Good day. We´re gonna now discuss development of the cerebral cortex and the brain.
You may recall when we discussed the neural tube
and the development of the brain stem,
we had various internal portions of the neural tube
that would expand to become the ventricles.
In the cerebral cortex, we have two extensions from the telencephalon
that point out to the left and the right, and expand just tremendously.

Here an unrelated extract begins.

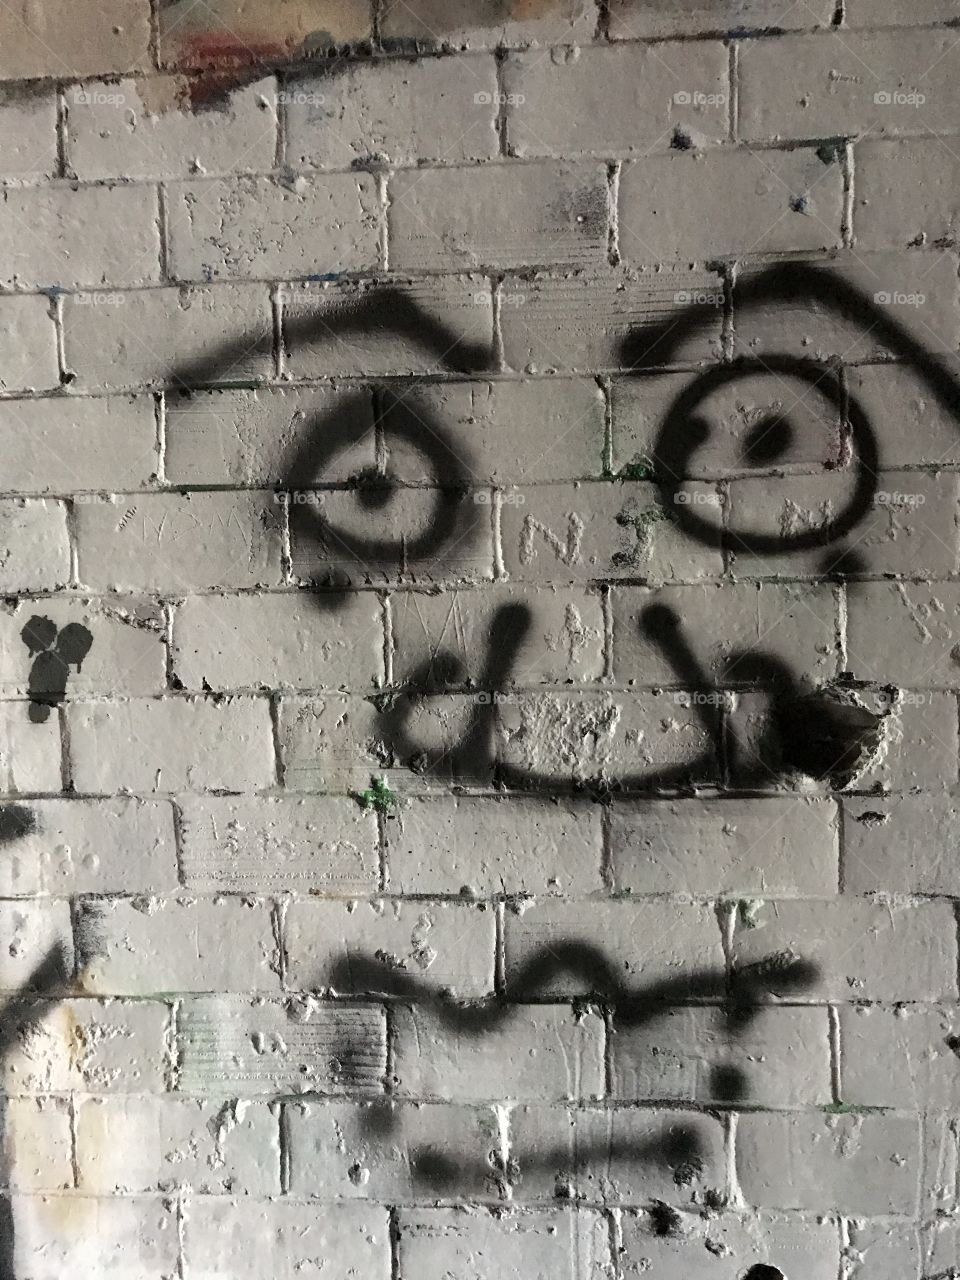 Graffiti in Fort Revere

This massive growth is going to be mirrored by a growth of the space inside
to create the left and right lateral ventricles.
As the brain expands, the space inside them expands as well
but remains connected to the third ventricle through the interventricular foramen.
So the growth of the brain is mirrored by the growth of its ventricles.
And we can see that as the brain´s cortexes take on their distinctive shape
becoming the various lobes of the brain,
it´s mirrored by the growth and extension of the ventricles within.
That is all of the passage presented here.